JAIST Logic Seminar Series

The lectures below is held as a part of JSPS Core-to-Core Program, A. Advanced Research Networks, and EU FP7 Marie Curie Actions IRSES project CORCON.

(http://www.jaist.ac.jp/logic/ja/core2core, https://corcon.net/)

On Tuesday 6 September, 2016, 13:30-17:00, JAIST, Lecture room I2

**Josef Berger** (Ludwig-Maximilians-Universität München), *The fan theorem and convexity* (joint work with Gregor Svindland)

The fan theorem is the following statement: (FAN) Let B be a decidable set of finite binary sequences. Assume that every infinite binary sequence has an initial part that belongs to B. Then there exist an N such that every infinite binary sequence has an initial part of length smaller than N that belongs to B.

This axiom plays an important role in Intuitionism, a philosophy of mathematics that was introduced by the Dutch mathematician L.E.J. Brouwer. We work in constructive mathematics in the tradition of Errett Bishop. Here, the fan theorem is neither provable nor falsifiable. Many theorems of analysis are equivalent to the fan theorem. One example for such a theorem is: (POS) Every positive-valued uniformly continuous function on the unit interval has positive infimum.

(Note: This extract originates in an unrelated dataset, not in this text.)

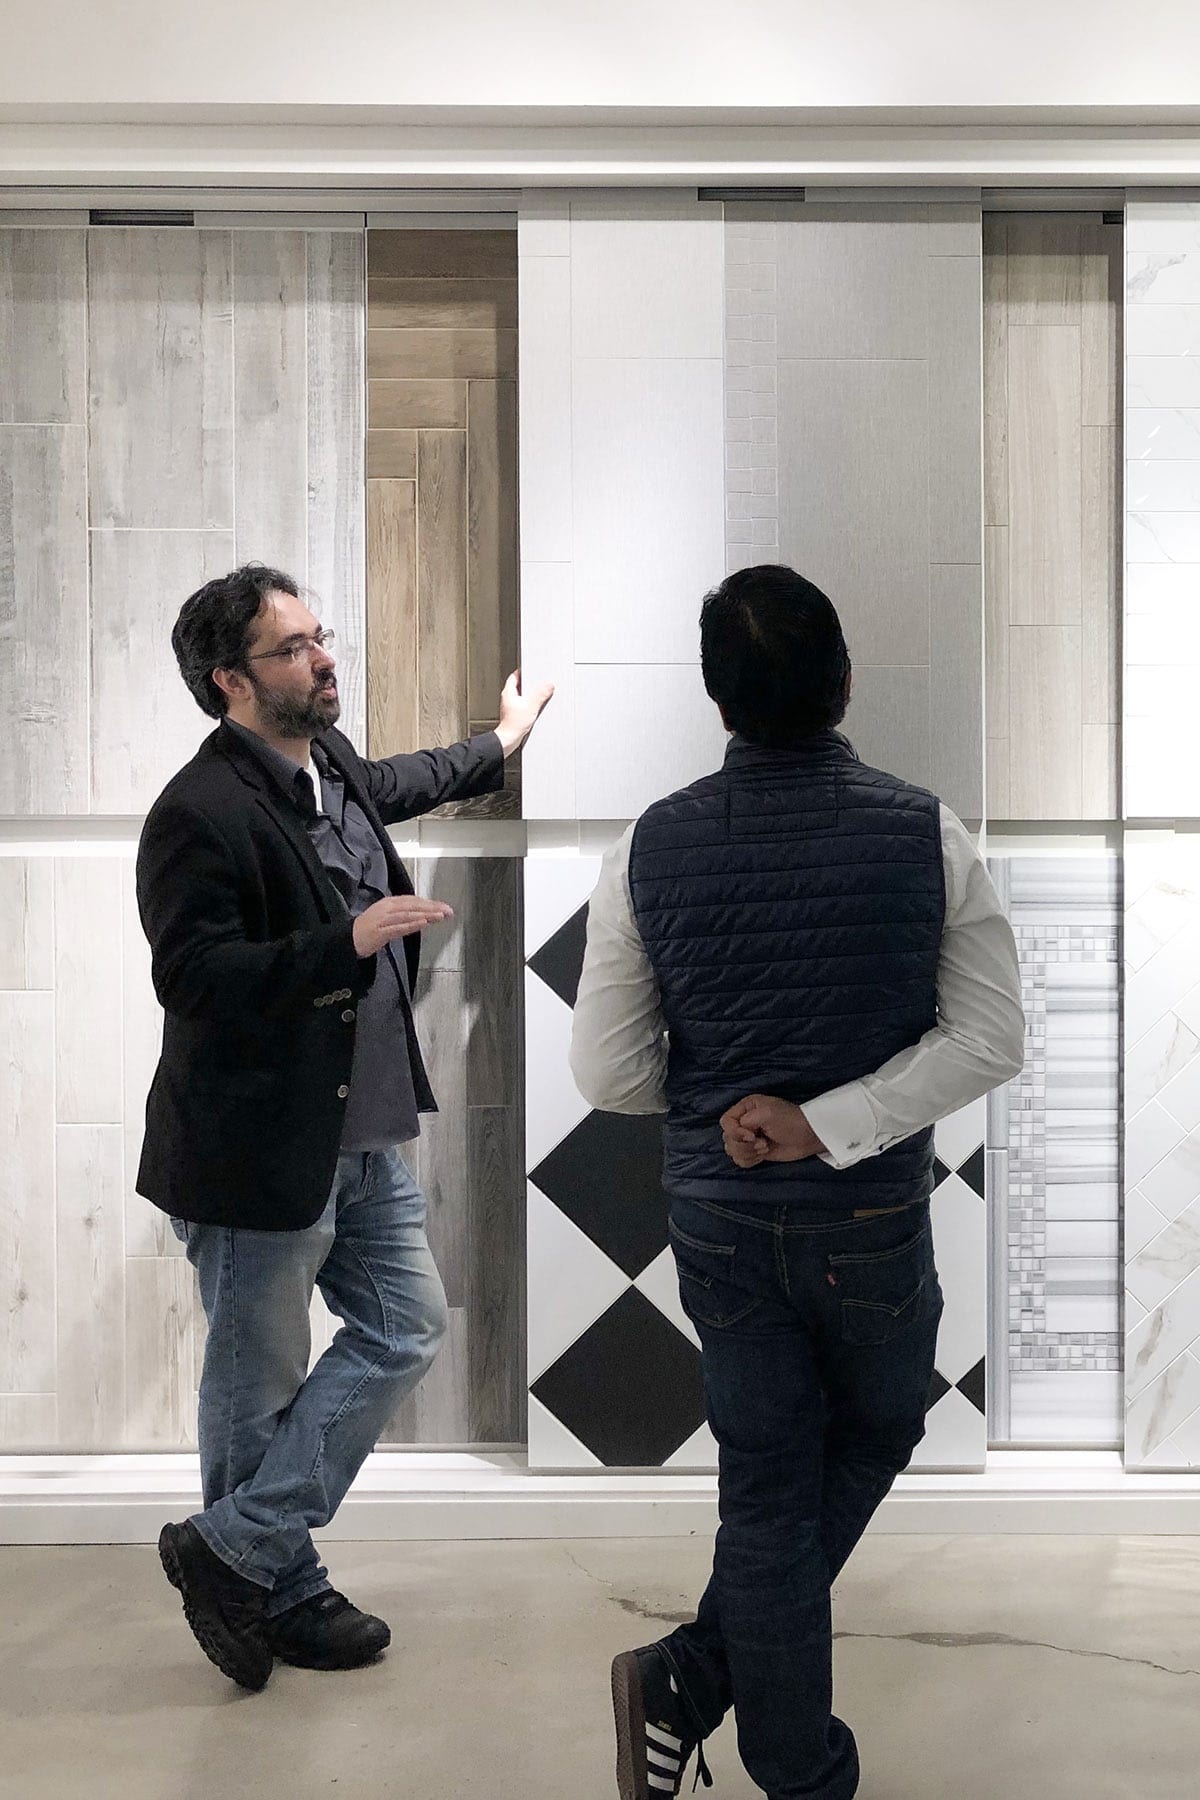 Architect Jorge Fontan and client at a showroom

In our paper *Convexity and constructive infamy* we have shown that, under the additional condition of convexity of the function, POS is constructively valid.

In this talk, we discuss to which extent this gives rise to a notion of *convex bars* and a corresponding constructively valid *convex fan theorem*.

**Anton Setzer and Bashar Igried** (Swansea University) *Coinductive Reasoning in Dependent Type Theory – Copatterns, Objects, Processes *(part on Processes joint work with Bashar Igried)

When working in logic in computer science, one is very often confronted with bisimulation. The reason for its importance is that in computer science, one often reasons about interactive or concurrent programs. Such programs can have infinite execution paths, and therefore correspond to coinductive data types. The natural equality on coinductive data types is bisimulation. Proofs of bisimulation form one of the main principles for reasoning about coinductive data types.

However, bisimulation is often very difficult to understand and to teach. This is in contrast to the principle of induction, where there exists a well established tradition of carrying out proofs by induction. One goal of this talk is to demonstrate that one can reason about coinductive data types in a similar way as one can reason inductively about inductive data types.

Reasoning about inductive data types can be done by pattern matching. For instance for reasoning about natural numbers one makes a case distinction on whether the argument is 0 or a successor. For coinductive data types the dual is copattern matching, which is essentially a case distinction on the observations one can make for a coinductively defined set. For instance, streams have observations head and tail, and one can introduce a stream by determining its head and its tail.

We then look at examples of the use of coinductive data types. One is the notion of an object, as it occurs in object-oriented program. Objects are defined by their method calls, which are observations, so they are defined coinductively. The final example will be the representation of processes in dependent type theory, where we will refer to the process algebra CSP.